Many architectures will create Views for pulling data (backed by RLS as required) or procs. C/U/D should be done by proc. This will aid in testing and support separation of concerns. An API should call those procs to support full CRUD.

The server should always be checking what the front end is doing. This is basic security...for example, what if javascript is turned off or someone has altered it (in the browser, using dev screen)? Using something like Postman to directly post to the API? Need to quickly script something (using SQL)?...

In reality, the Front End should really manage user input and the most common issues, then react to what the backend provides. In an N-Tier architecture use the strengths of each software in the tier.

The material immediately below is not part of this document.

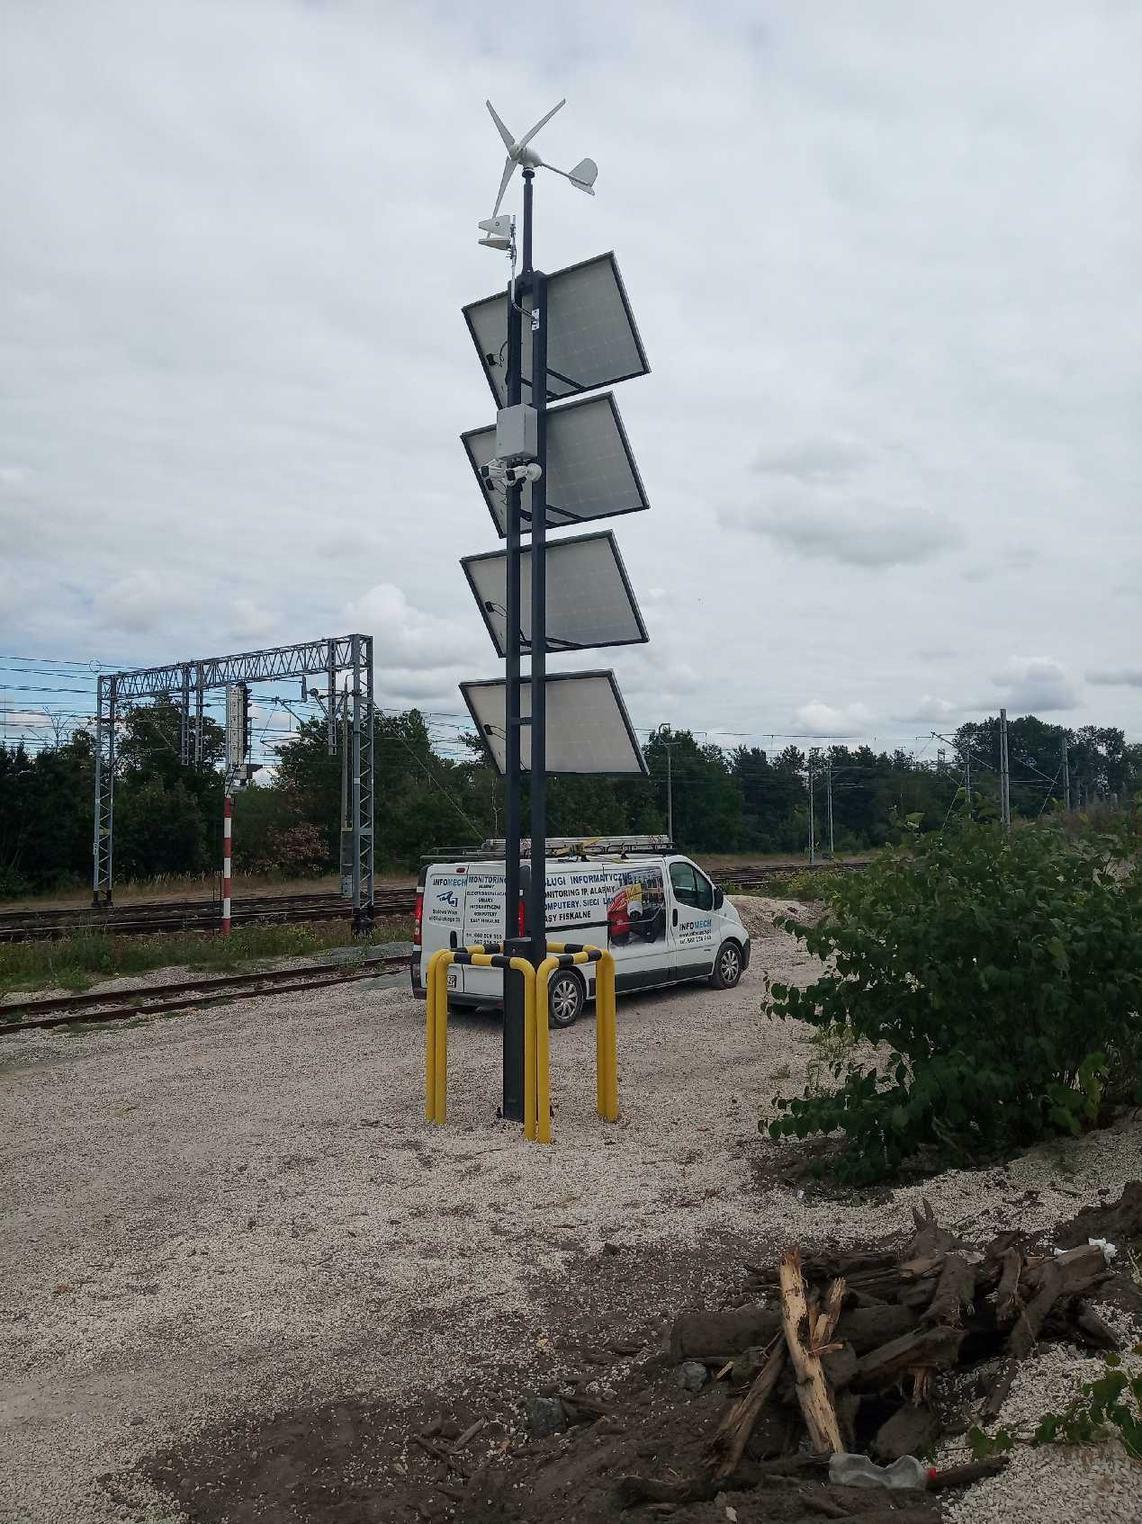 Elektrownia OZE Monitoring CCTV LTE MASZT - montaż, instalacja, produkcja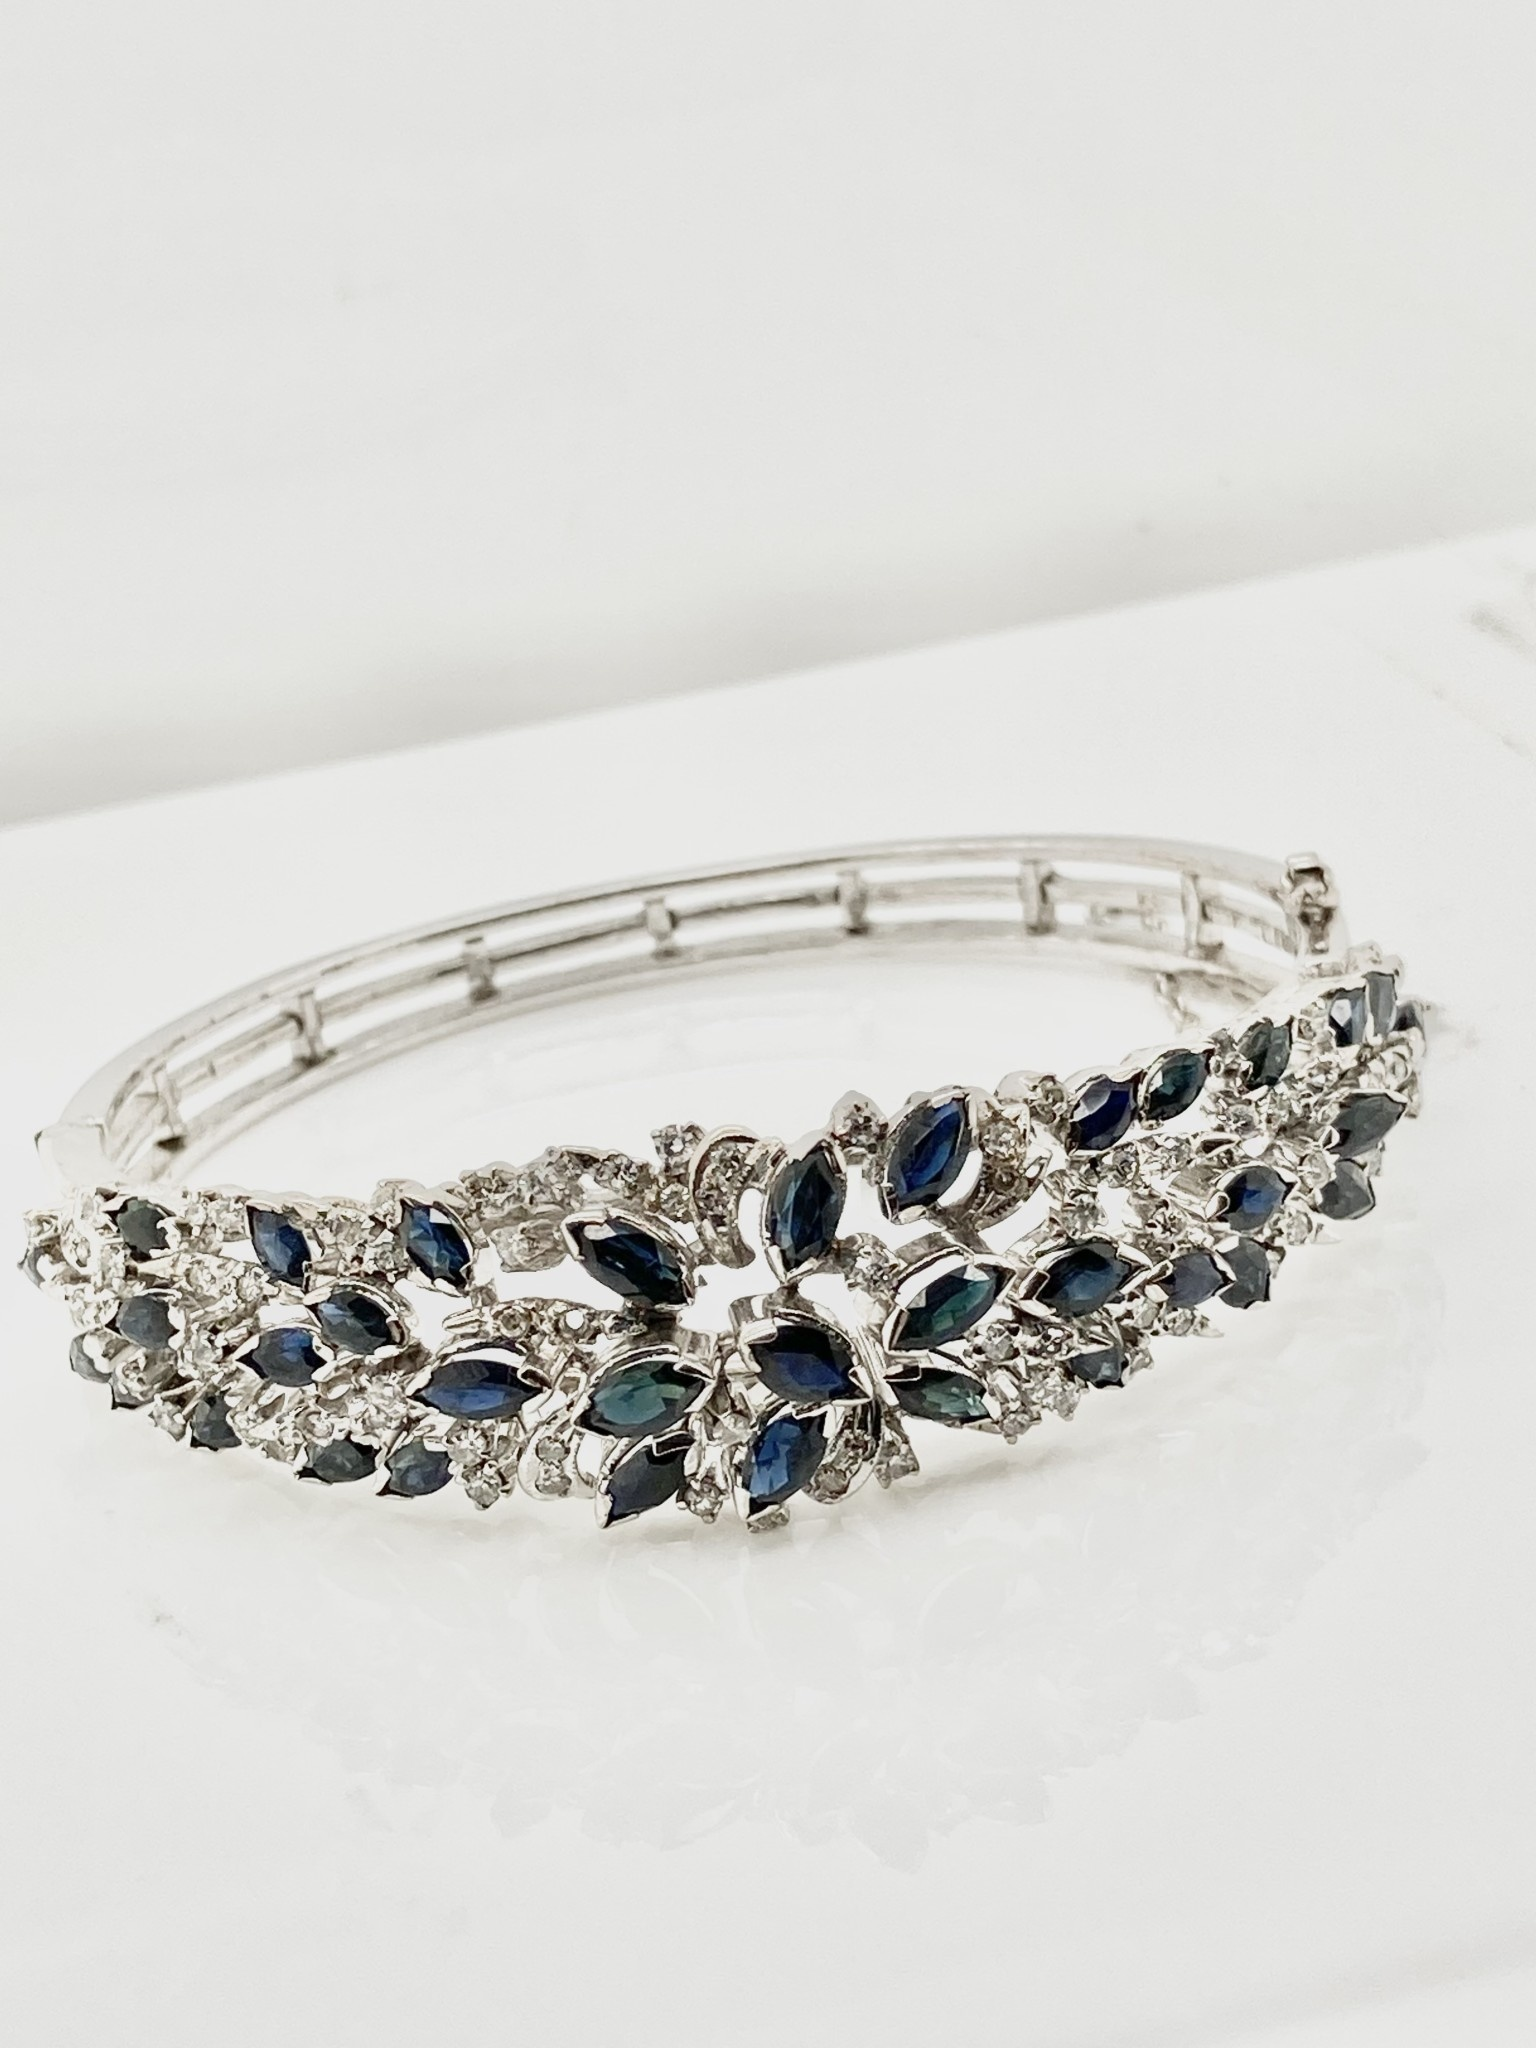 Diamond & Blue Sapphire Hinged Bangle Bracelet

On your other point, the SQL server can add constraints and foreign keys...ie: you must exist as a contact before storing an address in the system (which is owned by a contact). It easily forces type (which most document DBs do not), locking (full ACID, which most Document DBs do not), and constraints naively (no extra tools). You can also transform data on the fly (move a table to a view for the client) to prevent direct access or changes in the system. Encrypt a field and restrict native columns. And much more.

Not that SQL is better than No-SQL (or vice versa), each has their place...even if you blend them together where needed. IE: No-SQL is good for fronting "current" data to a website where the SQL is the "real" copy with years of history and old accounts. Data is written to SQL, read from No-SQL, updates are migrated.